EDUCATIONREALIST: “The Spring Valley High School incident is yet another case of a teenager treating a cop like a teacher.” “This is, as always, a terrible idea.”

The question is not what should the cop have done, but why did the administrator call the cop? And what would you have had the administrator do instead? Don’t focus on that single incident, because teachers, administrators, and cops don’t have that luxury. They have to handle it in such a way so that defiance doesn’t become a regular routine, that students customarily obey their teachers, maybe with some backtalk, maybe with ample opportunities to walk a bad mistake back. Ultimately, though, students have to comply. If a school backs away from that line, defiance gets contagious. It’s one thing for new, inept teachers to have trouble controlling their students, quite another for an entire school to give up. . . .

Schools that fail to establish order are those like Normandy High School, with out of control violence, open defiance of teachers and administrators, and students in constant danger of assault.
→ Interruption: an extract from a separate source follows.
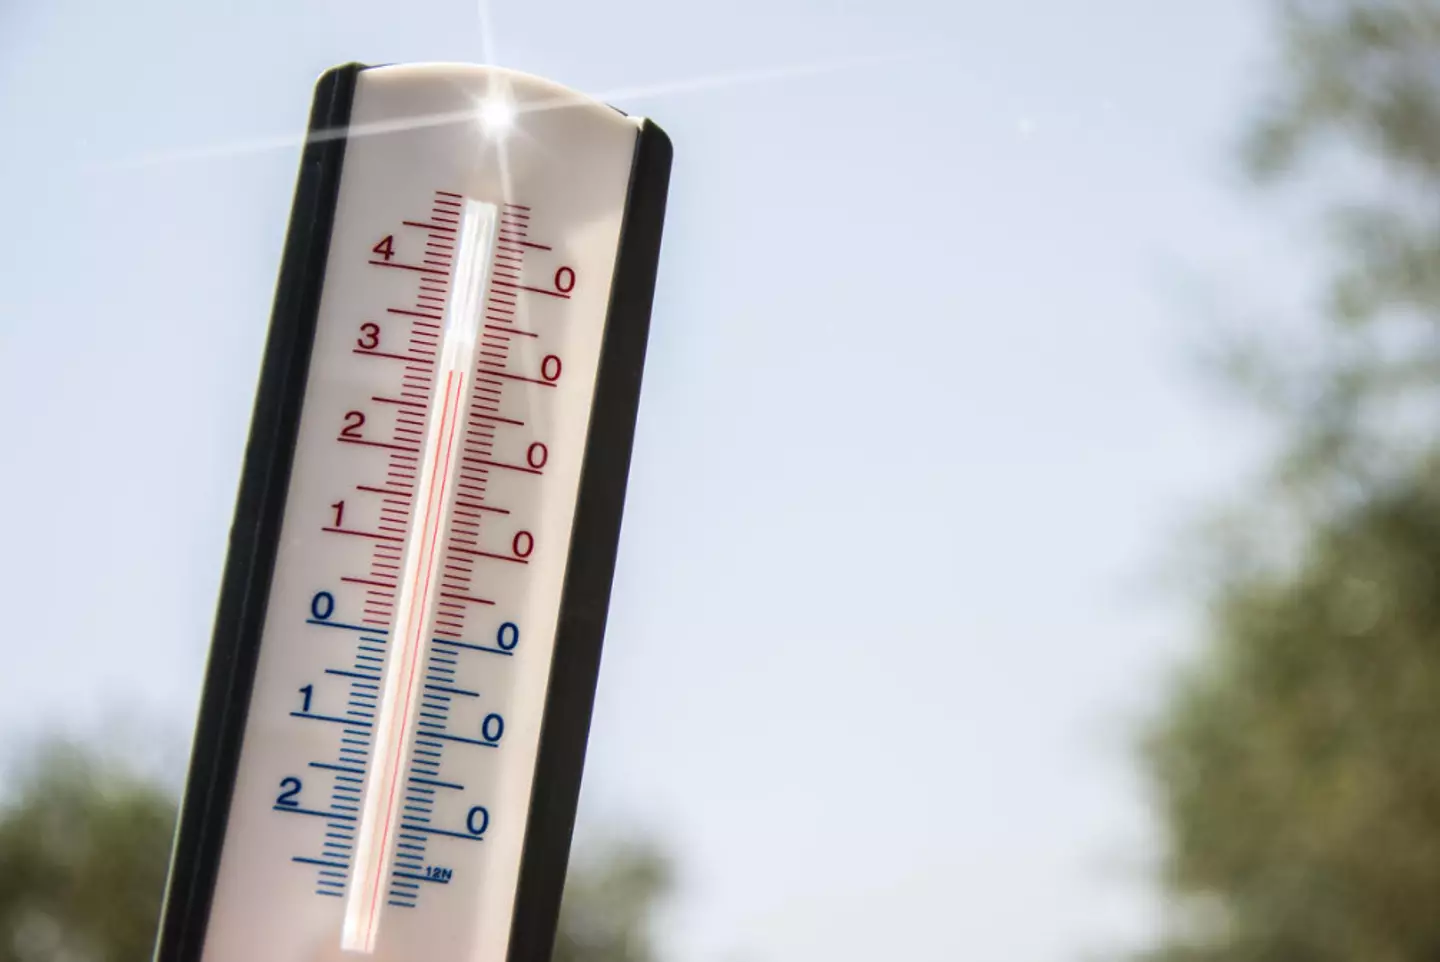 Temperatures are reaching record-breaking heights.

Students should have the opportunity to learn, even if they aren’t mastering material at the rate our policy wonks would allow. Schools that can’t enable that are genuine failures.
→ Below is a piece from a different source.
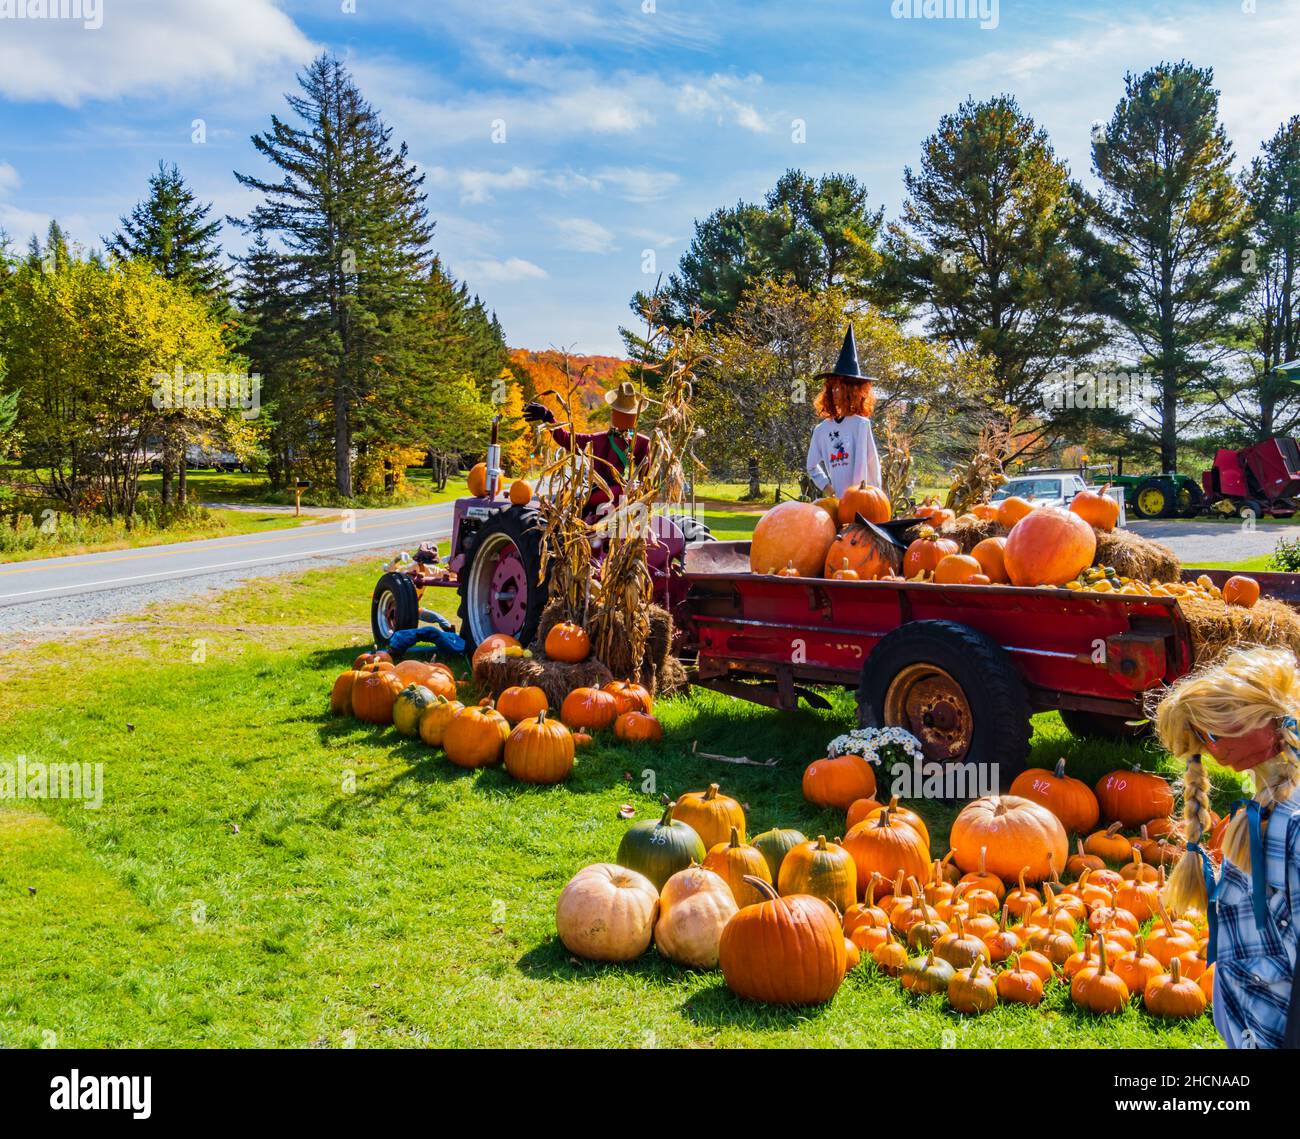 farmstand along the road decorated with Halloween scarecrows, old wagon and tractor, pumpkins and Jack O' Lanterns Stock Photo

Related: Don’t Treat A Cop Like A Teacher. “Kids who live in poverty receive profoundly mixed messages about adults in authority. Angry, sometimes violent, adolescents attend high schools and are rarely if ever killed on campus for being a threat. Yet at the wrong time, in the wrong situation, these young men can be killed by police officers, supposedly for threatening the officers lives, more likely for being defiant and violent in ways not dramatically different from their high school behavior. Thus my observation, ‘One might say Michael Brown is dead because he was foolish enough to treat a cop like a teacher.'”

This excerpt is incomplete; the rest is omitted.